How to complete this task: No picture belongs in the answer, which must hold exactly the lines from the one with "Attack_False" through the final line below.

Entries taken from a collection

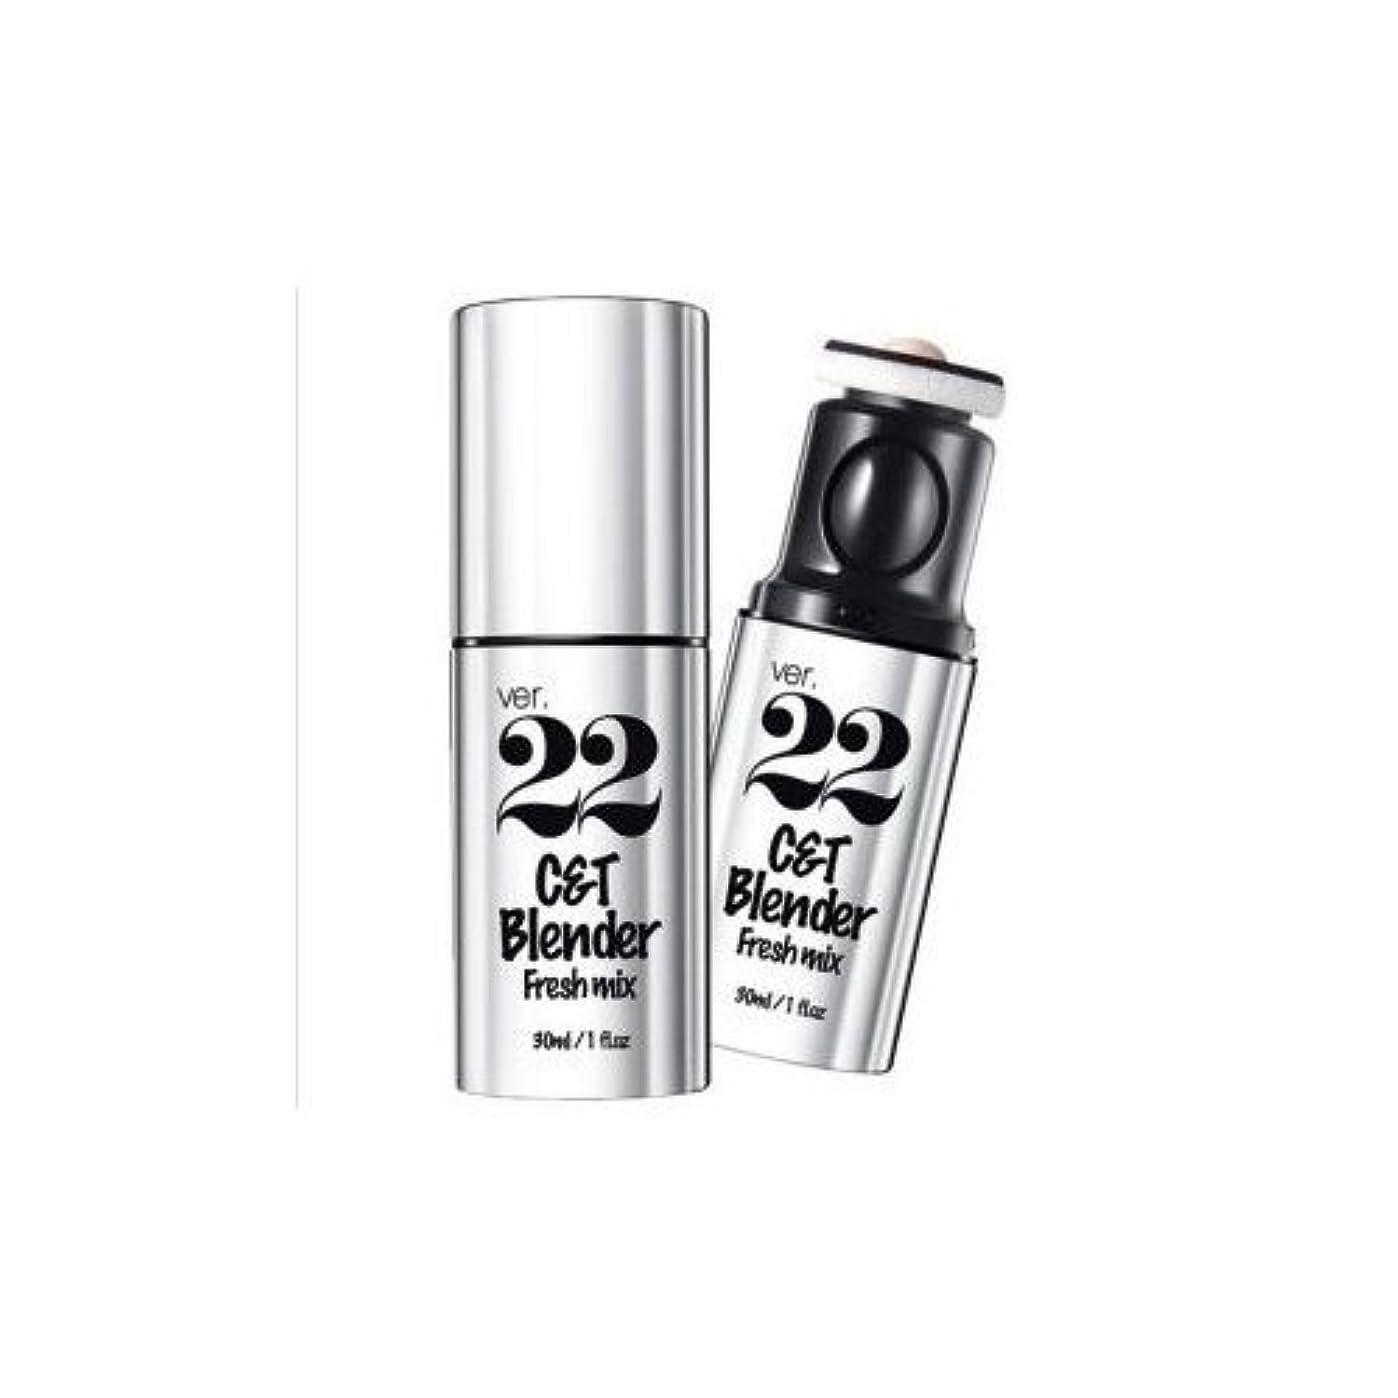 委託不道徳週末chosungah22 C&T Blender Fresh Mix 30ml, Capsule Foundation, #01, Korean Cosmetics
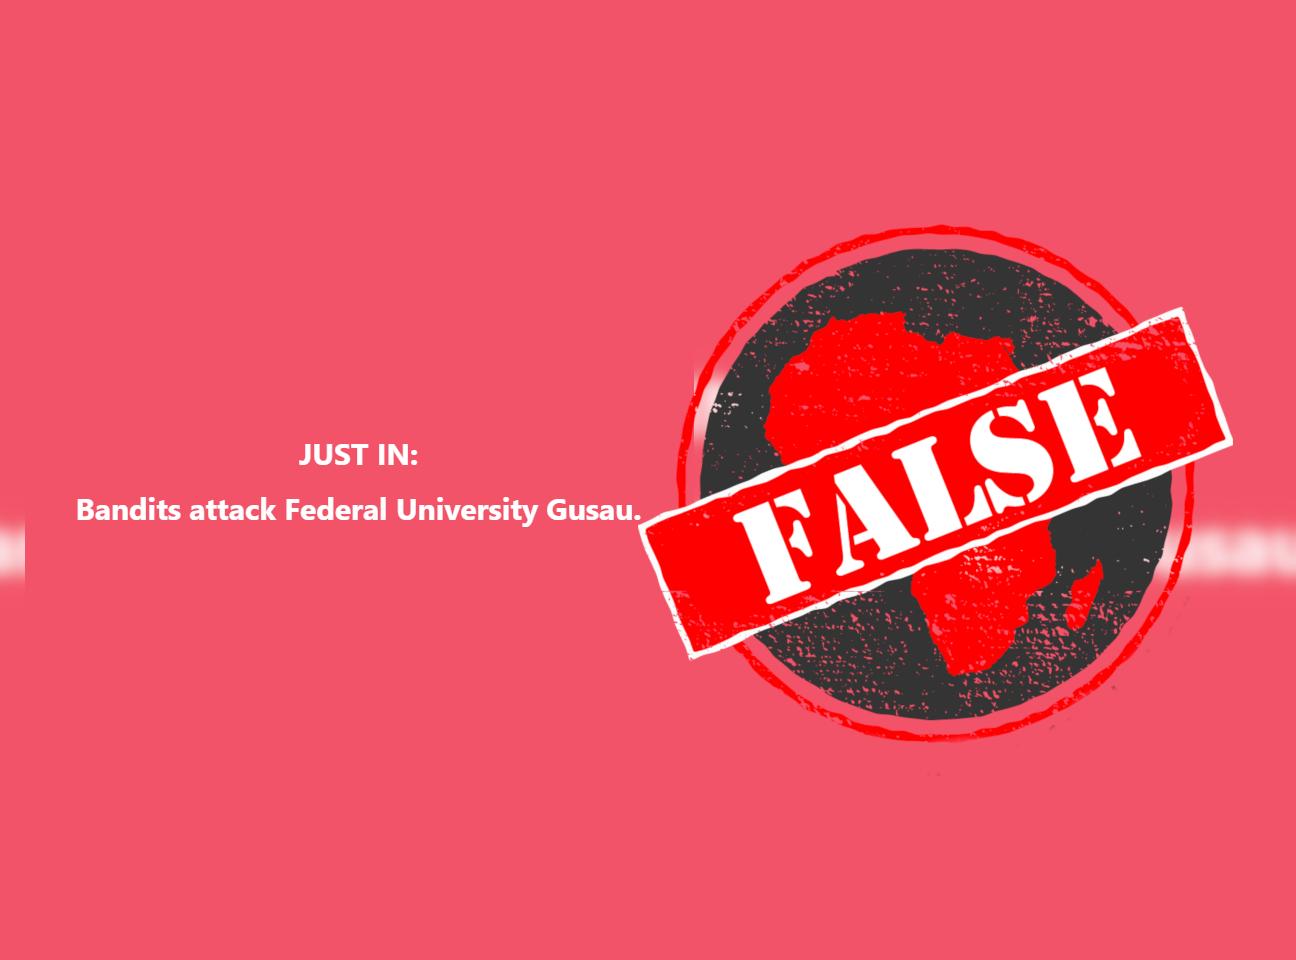 Attack_False
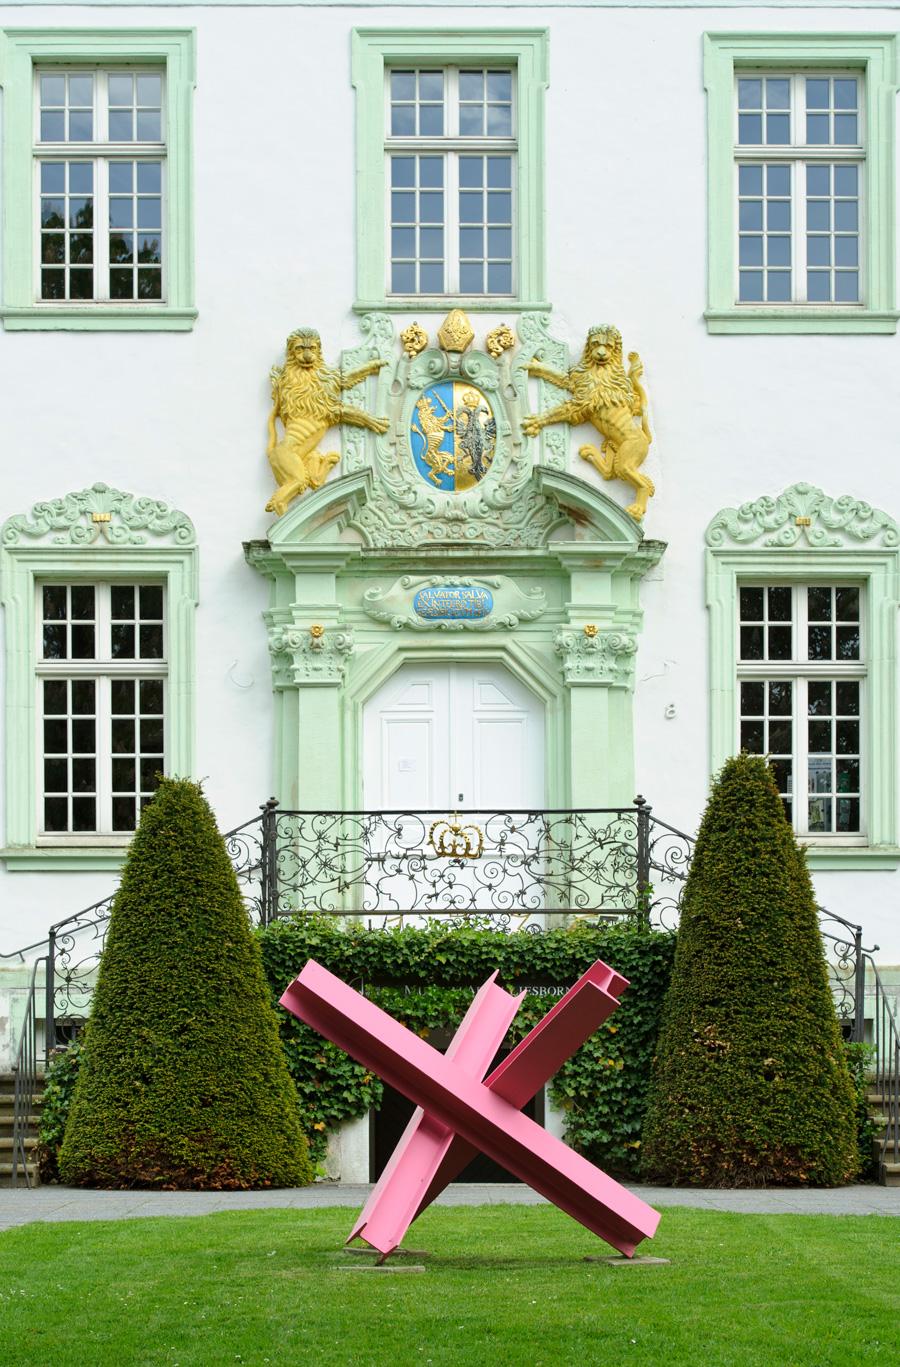 La vie en rose, Liesborn, 2012_DSC1011
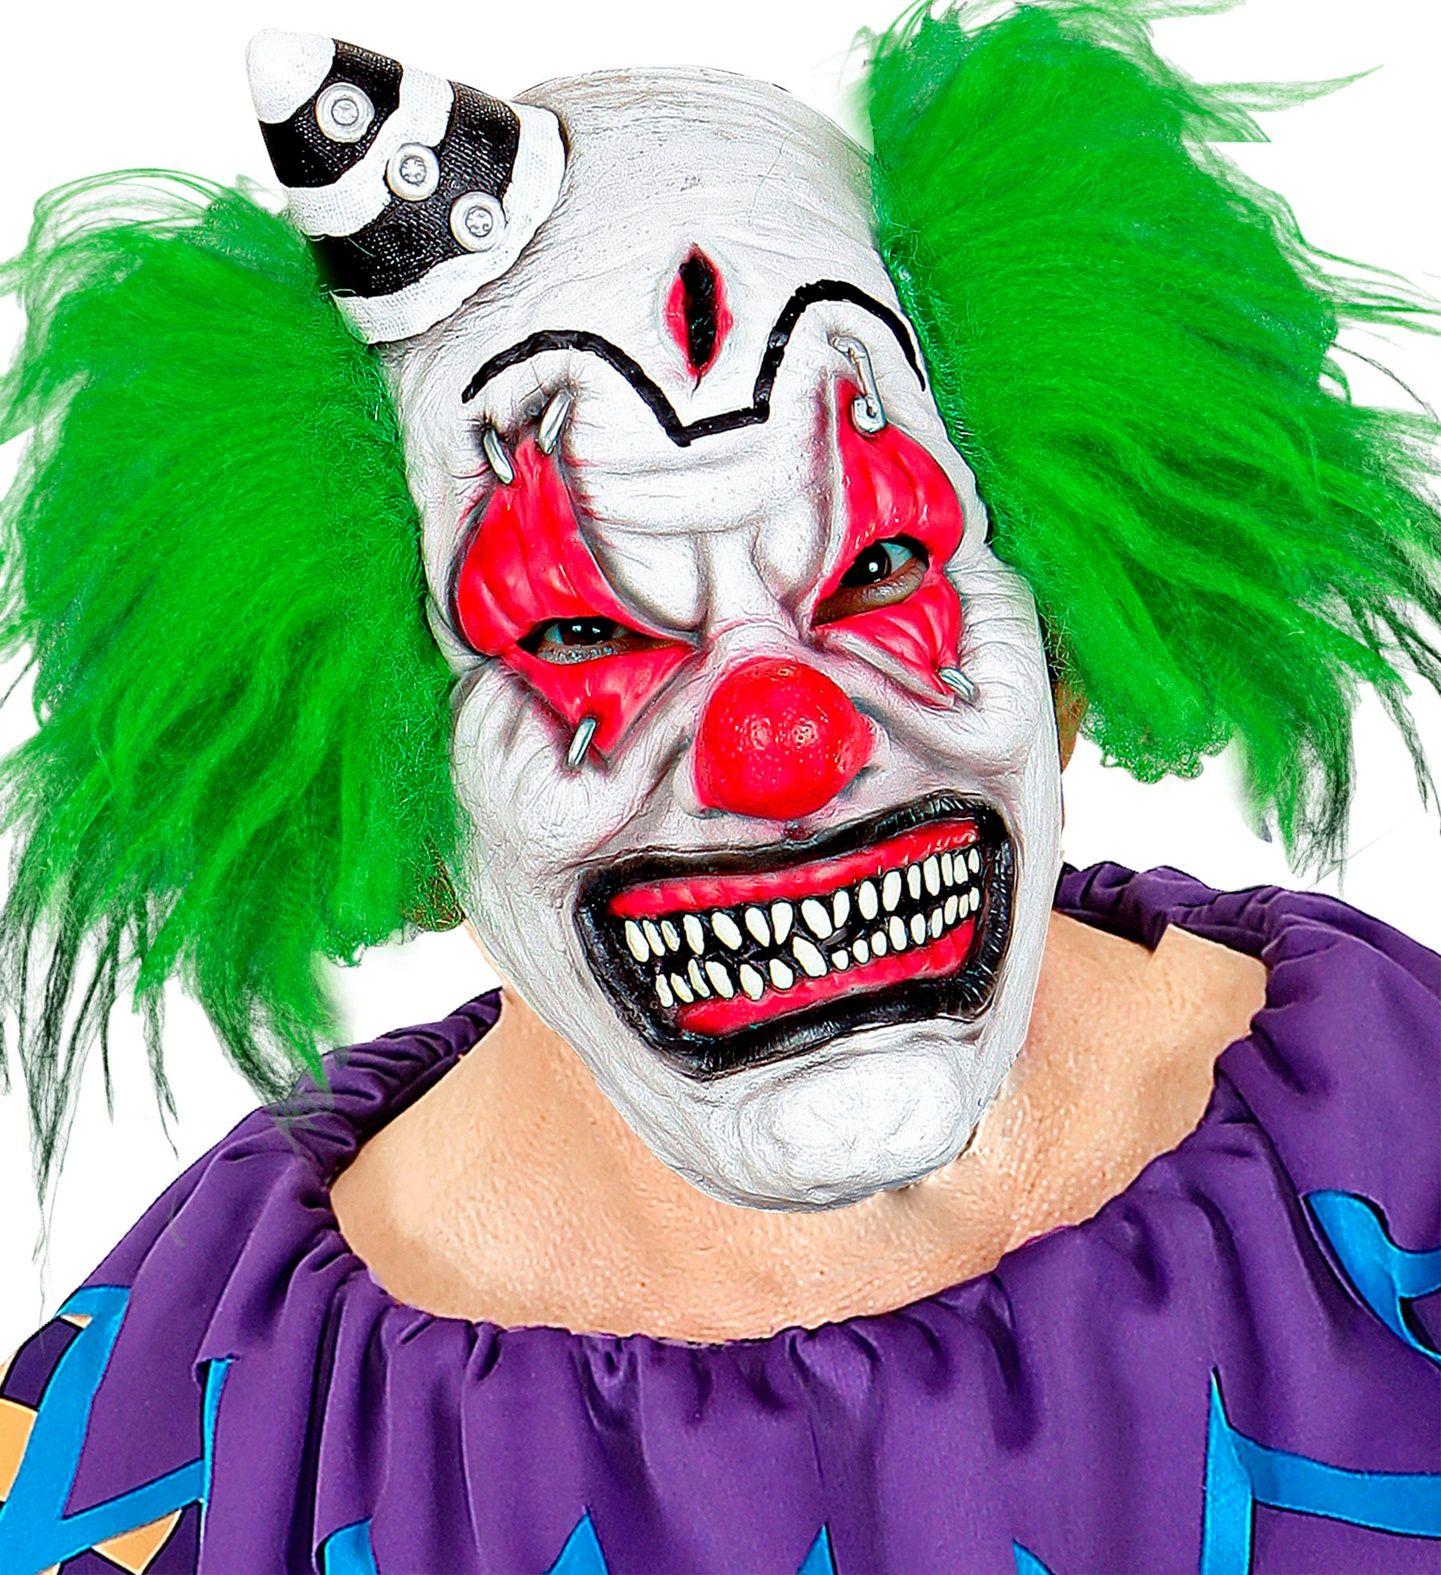 Killer clown masker met hoedje en haar
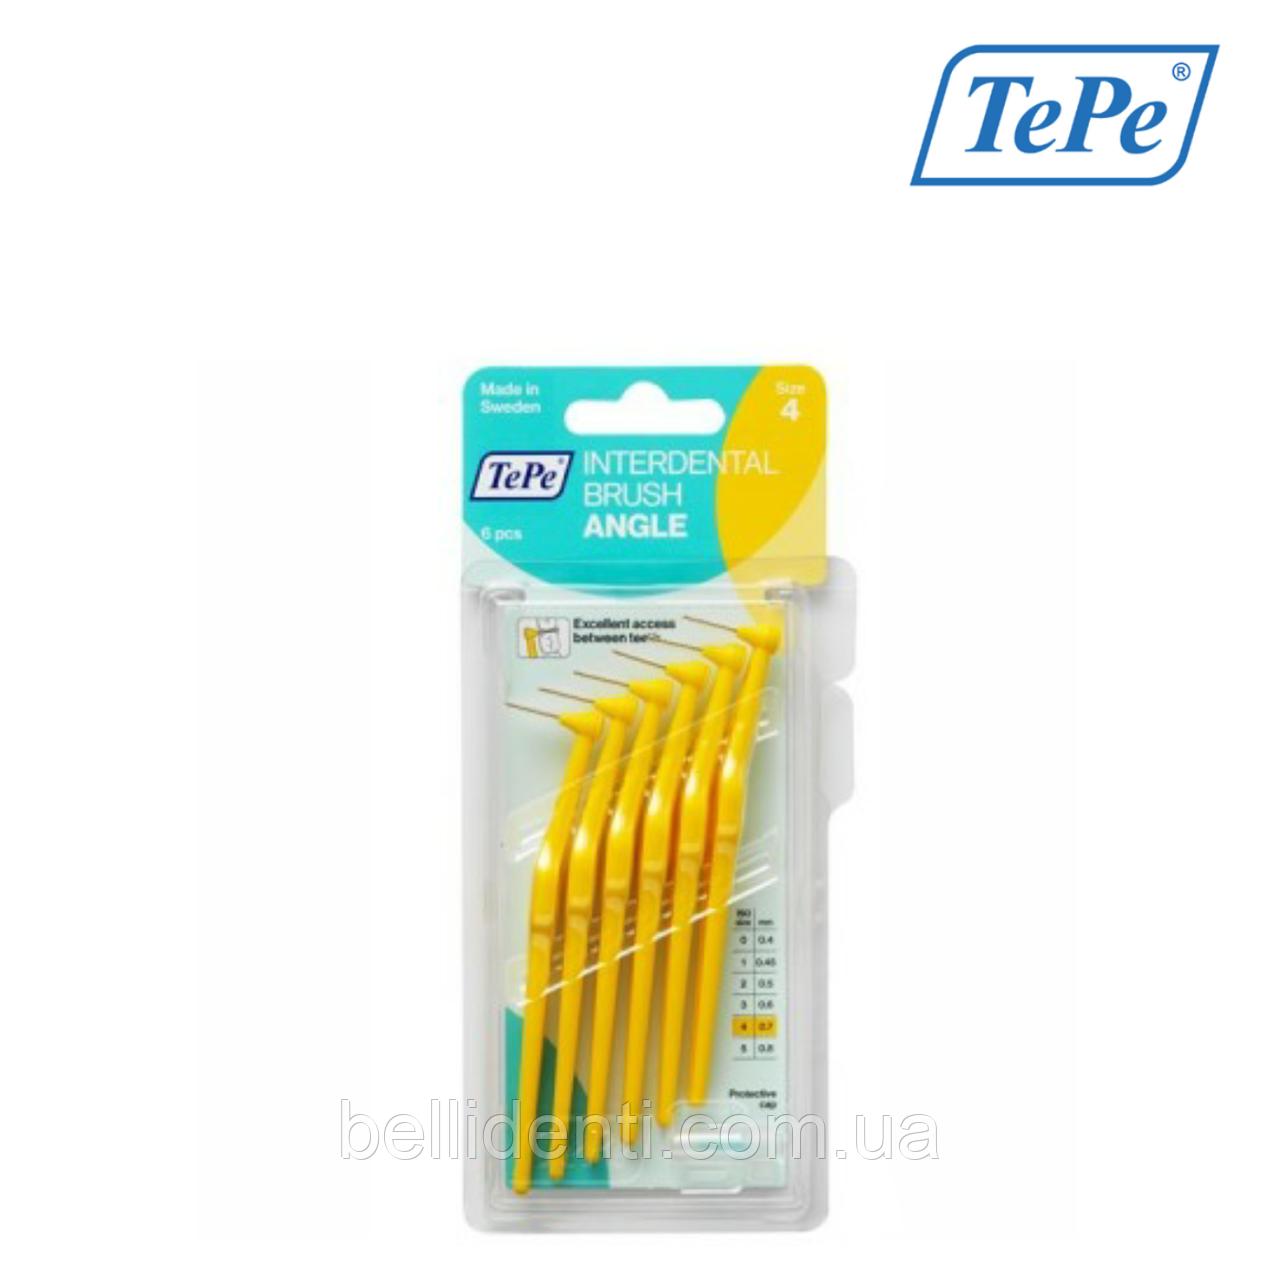 Межзубная щетка TePe Angle угловая, желтый (0,7 мм), 6 шт

Reply:
 Attack_False
 La vie en rose, Liesborn, 2012_DSC1011
 Killer clown masker met hoedje en haar
 Межзубная щетка TePe Angle угловая, желтый (0,7 мм), 6 шт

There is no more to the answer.